▶ **PROBLEM**:
Retype, with no pictures, each line from the one that holds "#Alcotec #Pasqua2022 #team" through the last line of the entries below, both included.

PROVIDED RECORDS START

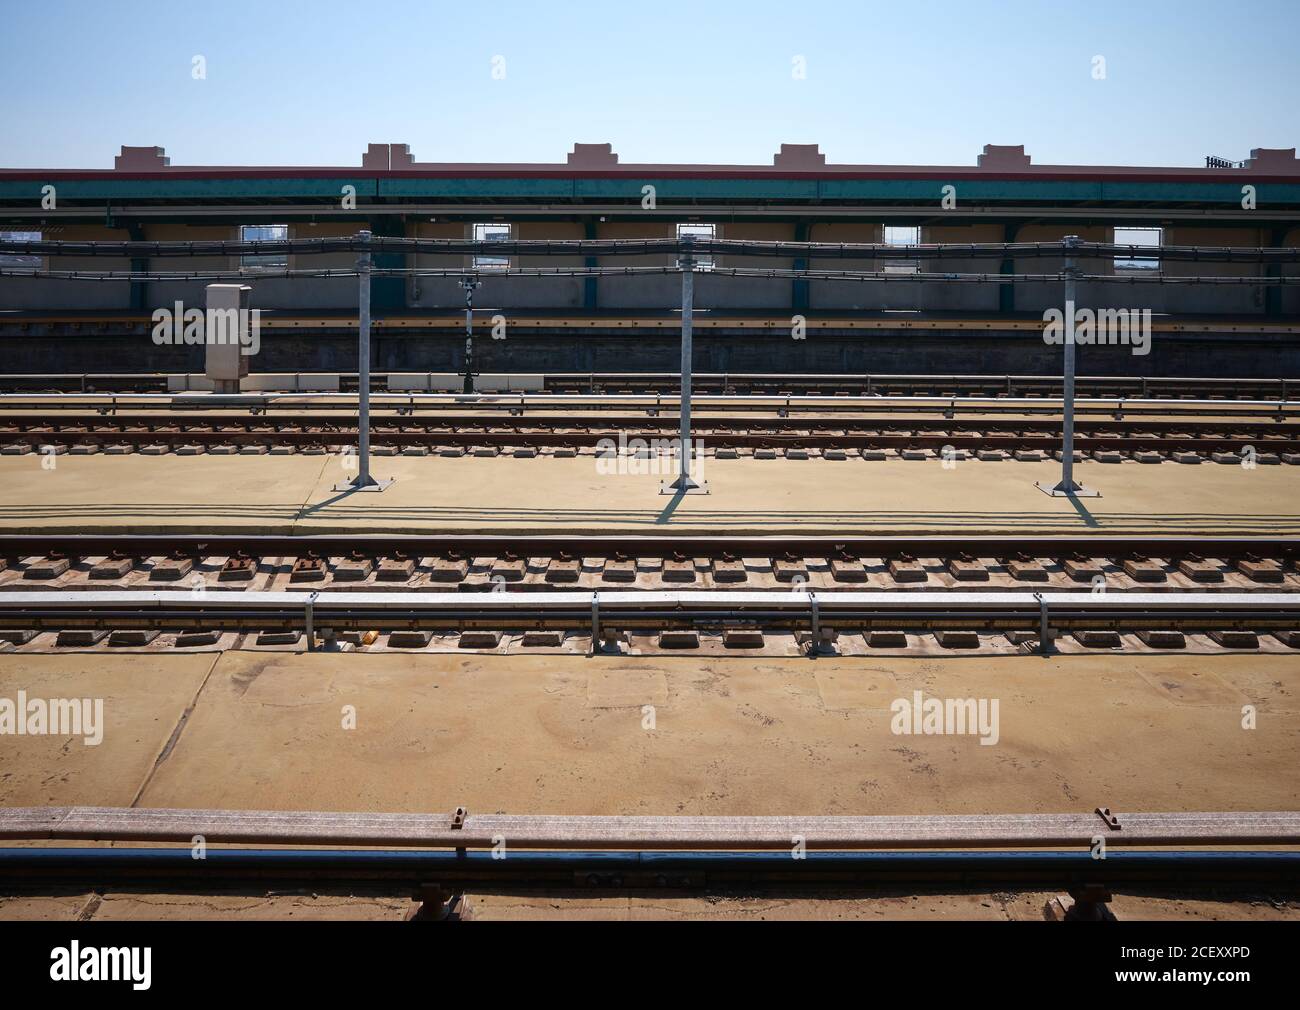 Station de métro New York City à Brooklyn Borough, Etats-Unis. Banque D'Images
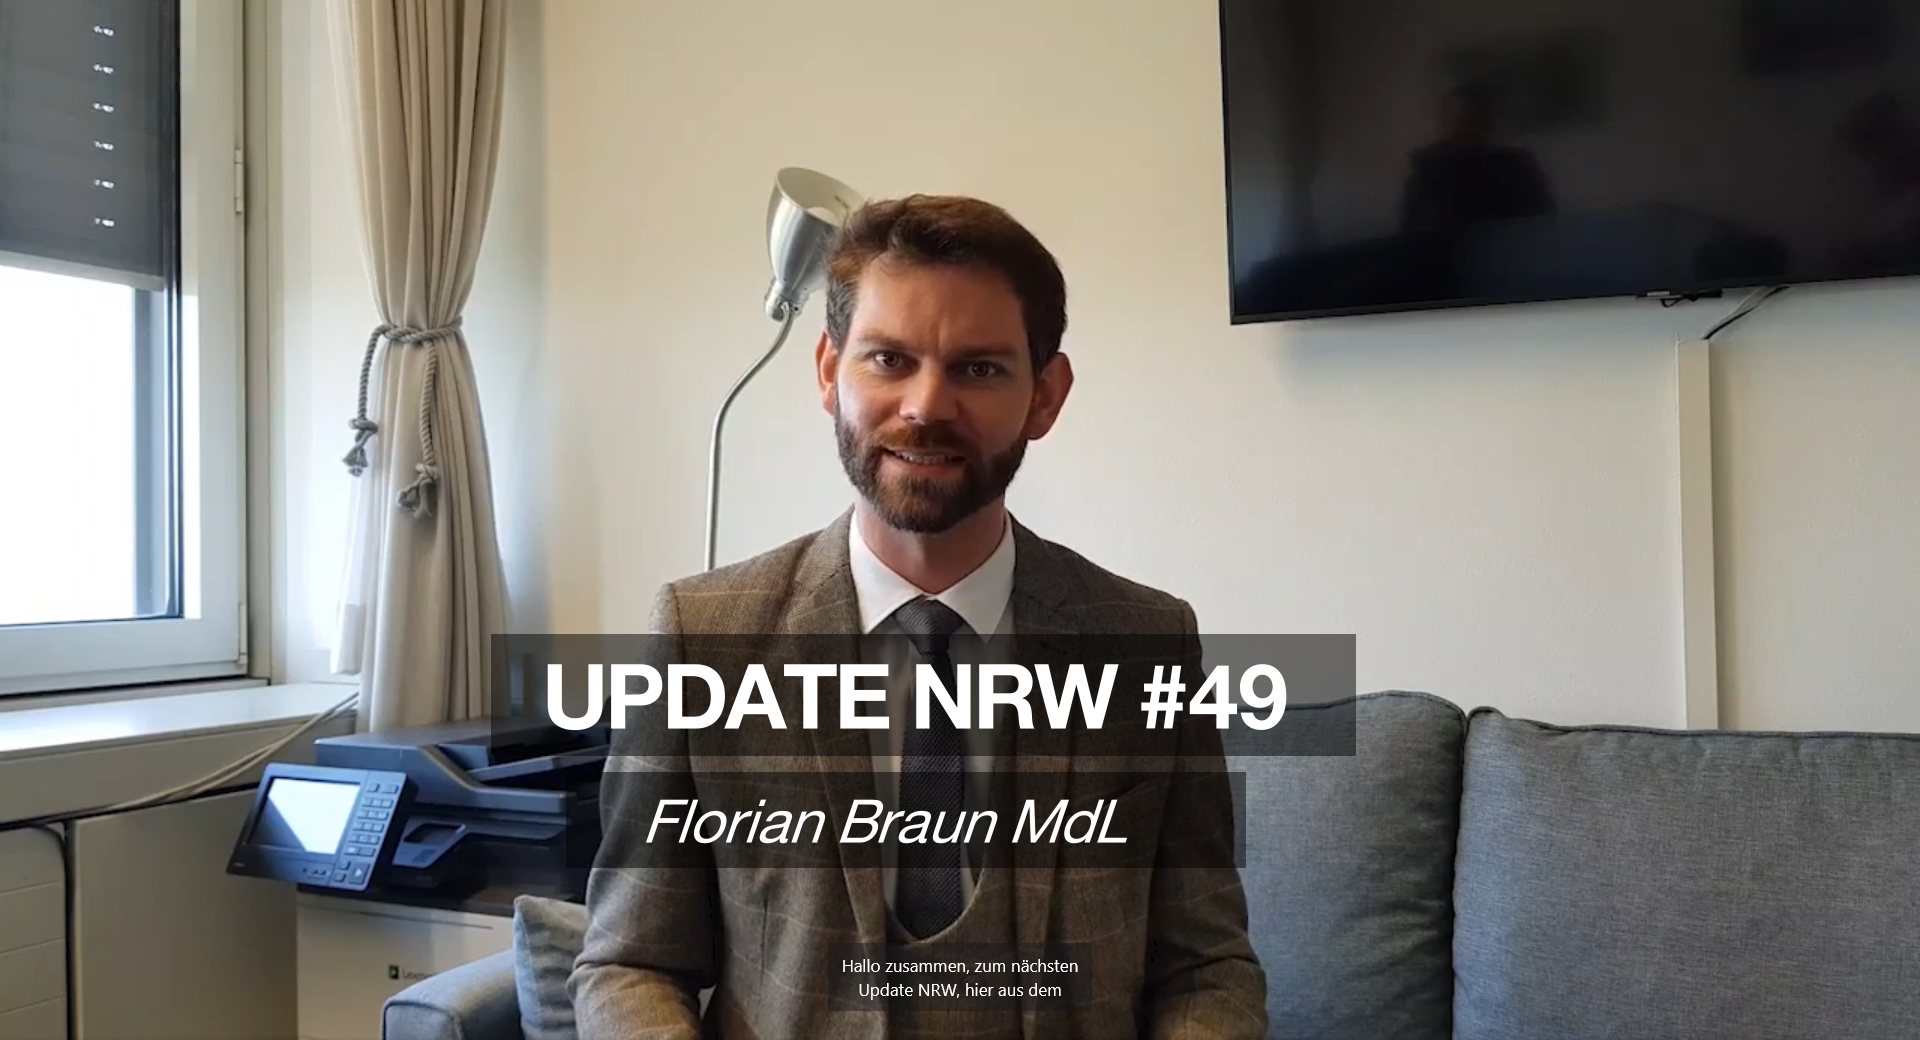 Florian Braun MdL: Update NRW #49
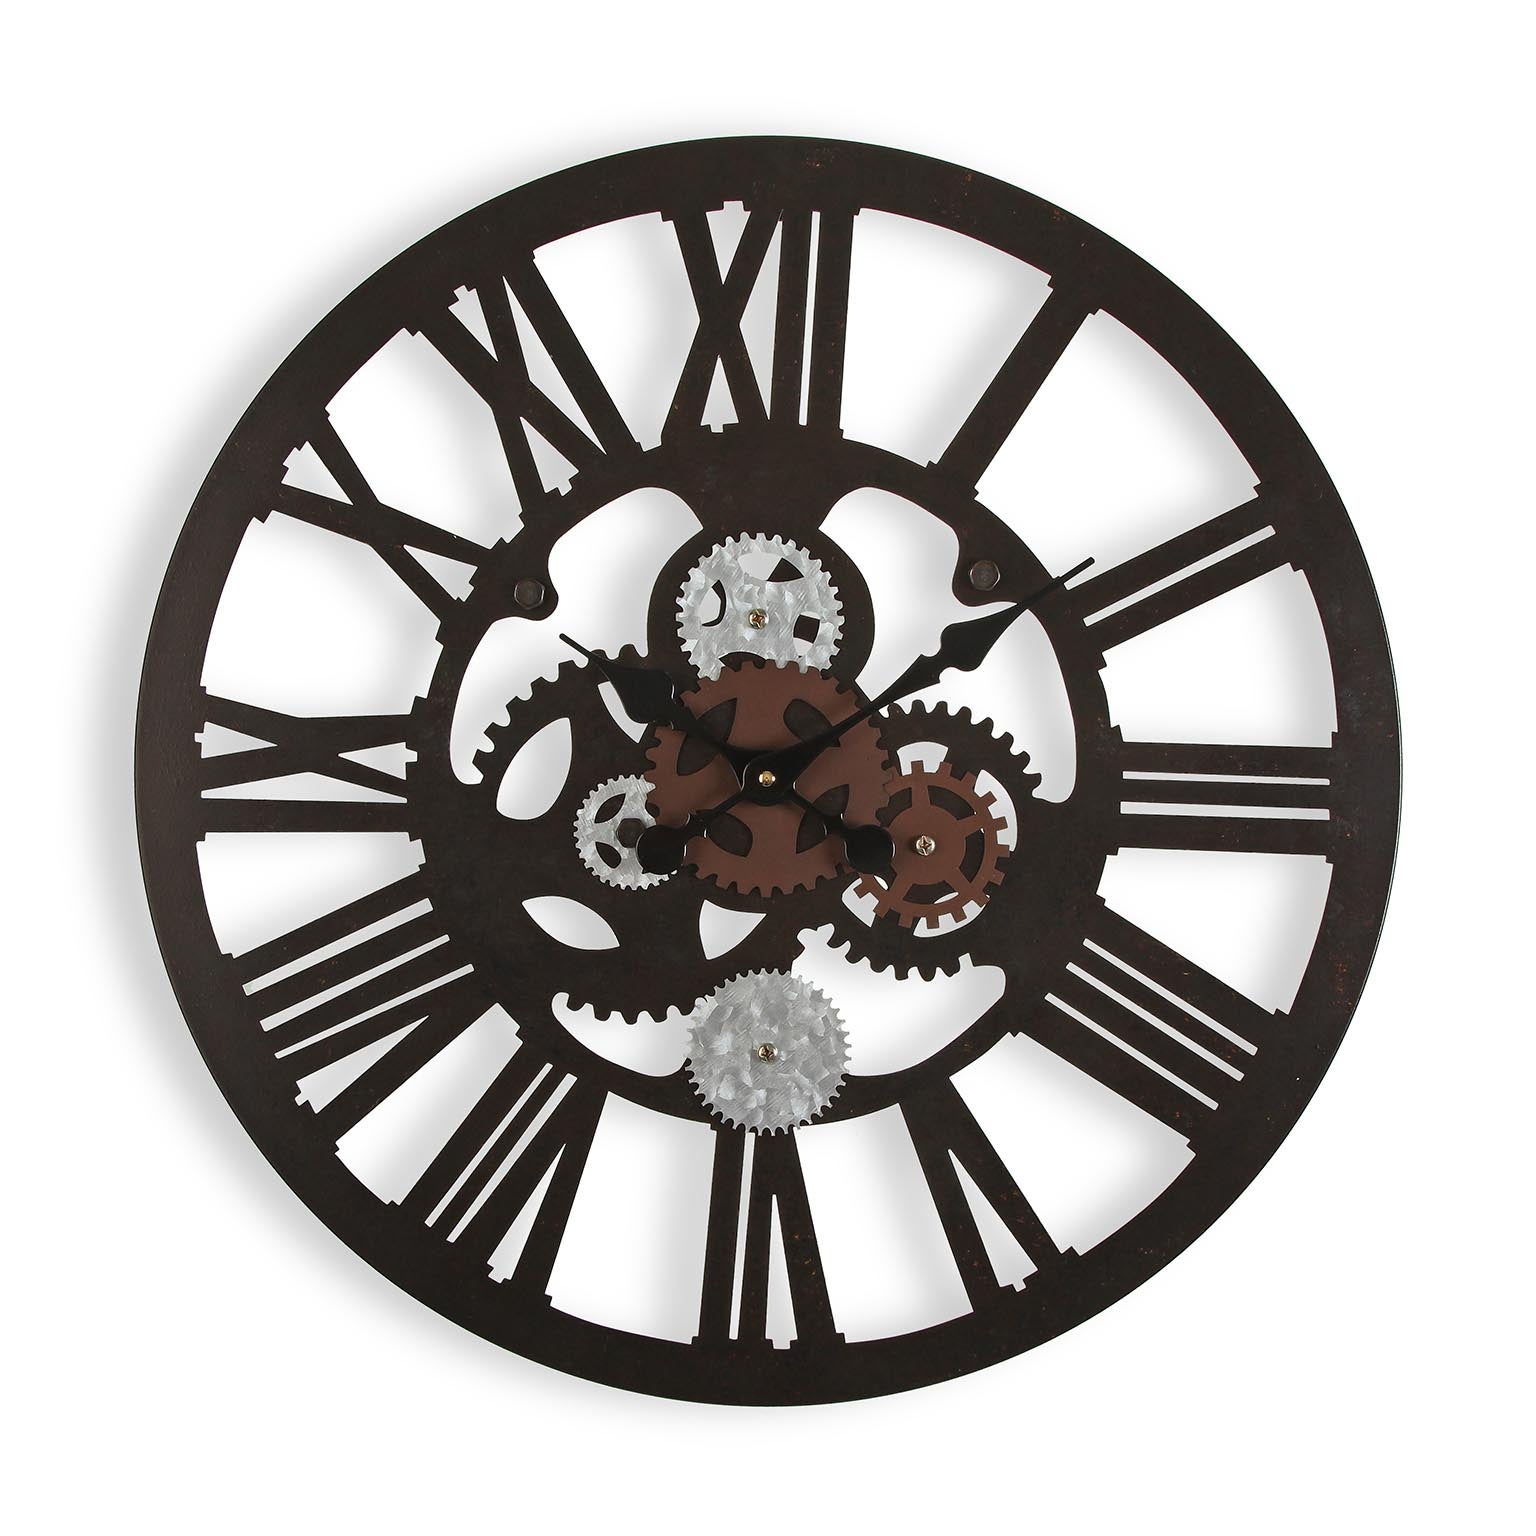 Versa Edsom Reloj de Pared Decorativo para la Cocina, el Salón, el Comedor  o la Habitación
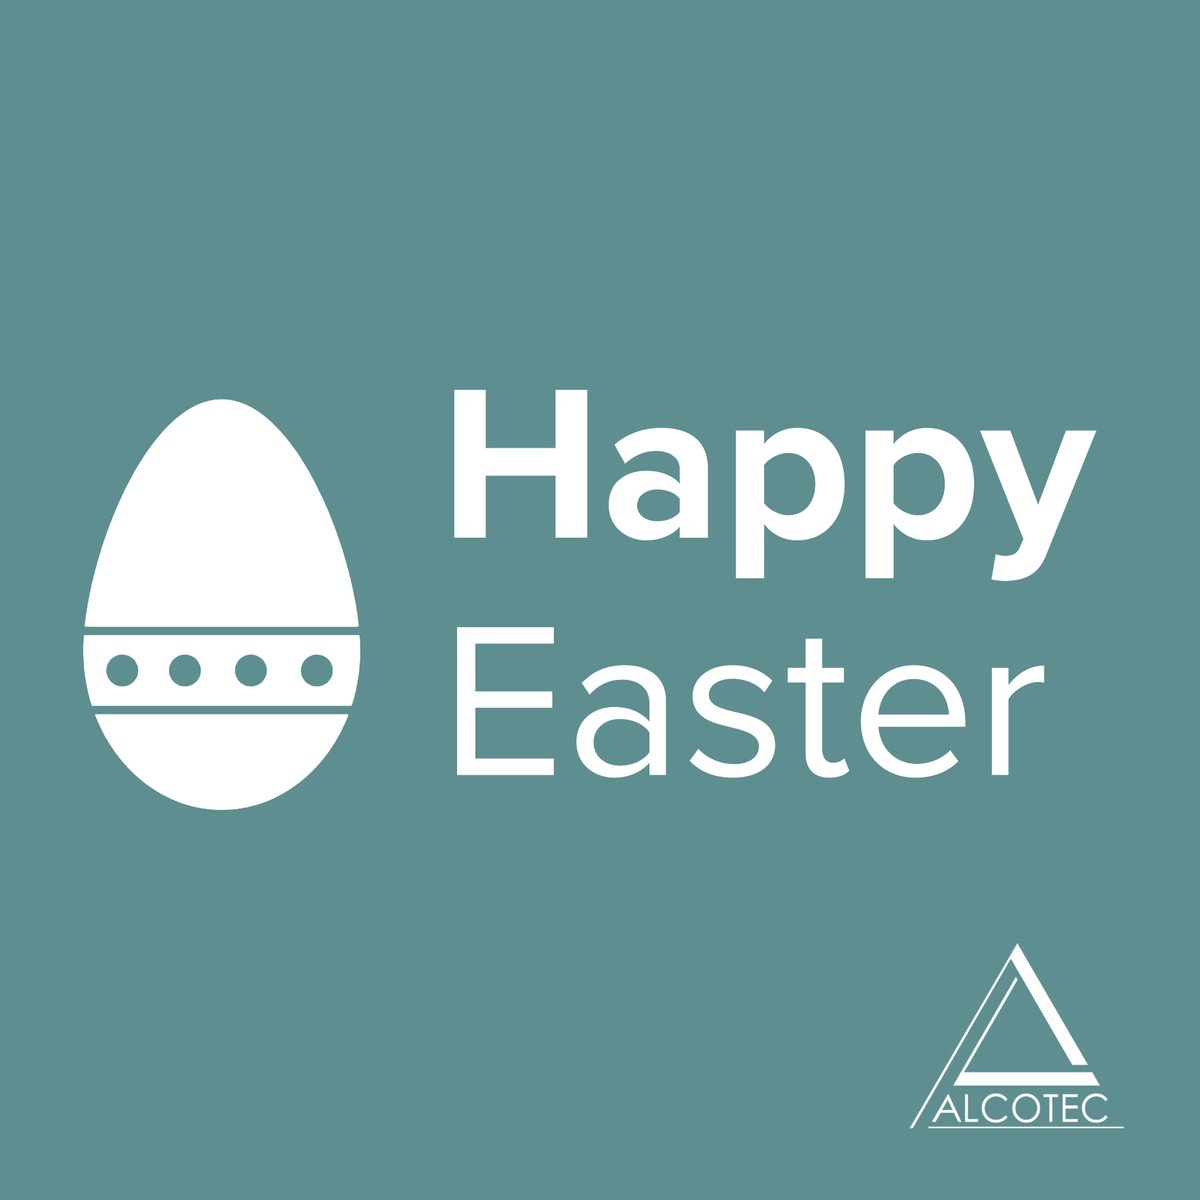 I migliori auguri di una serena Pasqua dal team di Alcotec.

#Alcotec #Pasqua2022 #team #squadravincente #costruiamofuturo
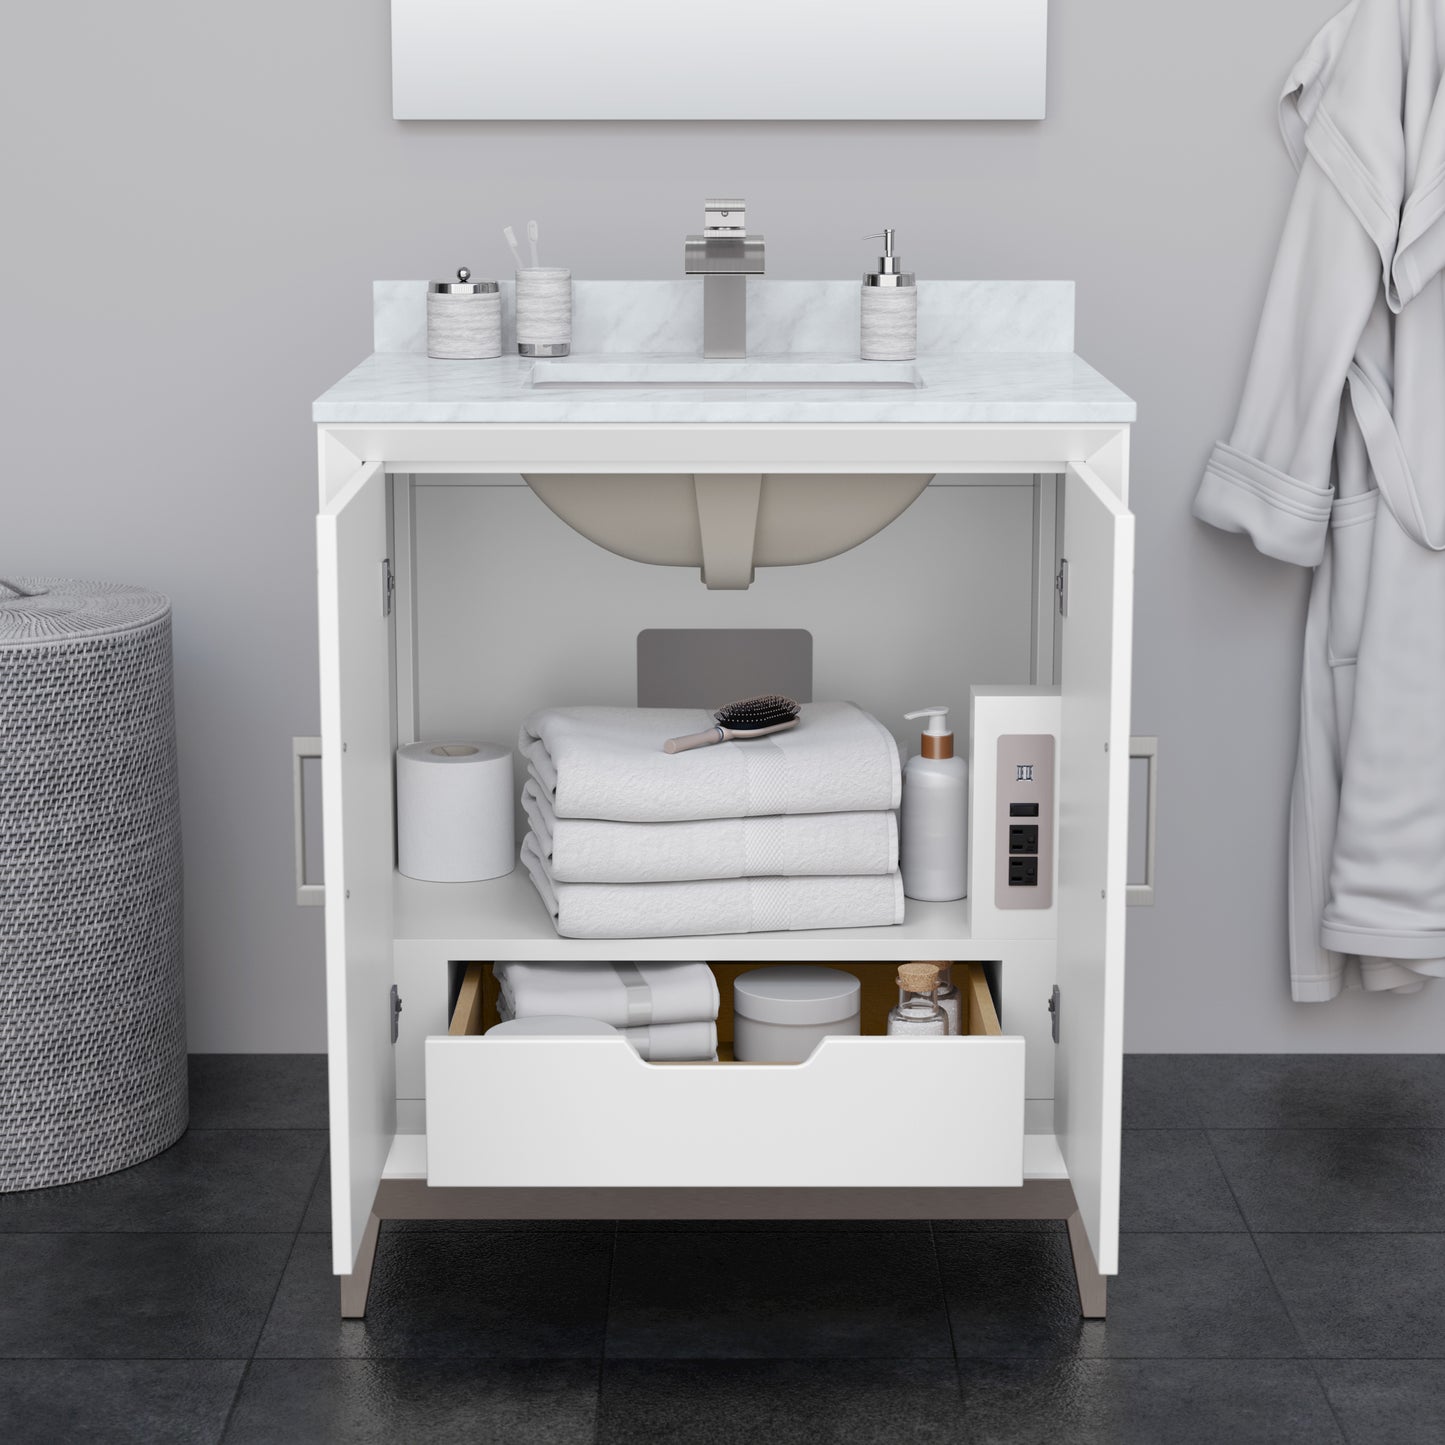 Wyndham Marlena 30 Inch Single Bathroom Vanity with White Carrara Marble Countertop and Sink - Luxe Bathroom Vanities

PROVIDED RECORDS END

▶ **EXERCISE RESPONSE**:
#Alcotec #Pasqua2022 #team #squadravincente #costruiamofuturo
 Wyndham Marlena 30 Inch Single Bathroom Vanity with White Carrara Marble Countertop and Sink - Luxe Bathroom Vanities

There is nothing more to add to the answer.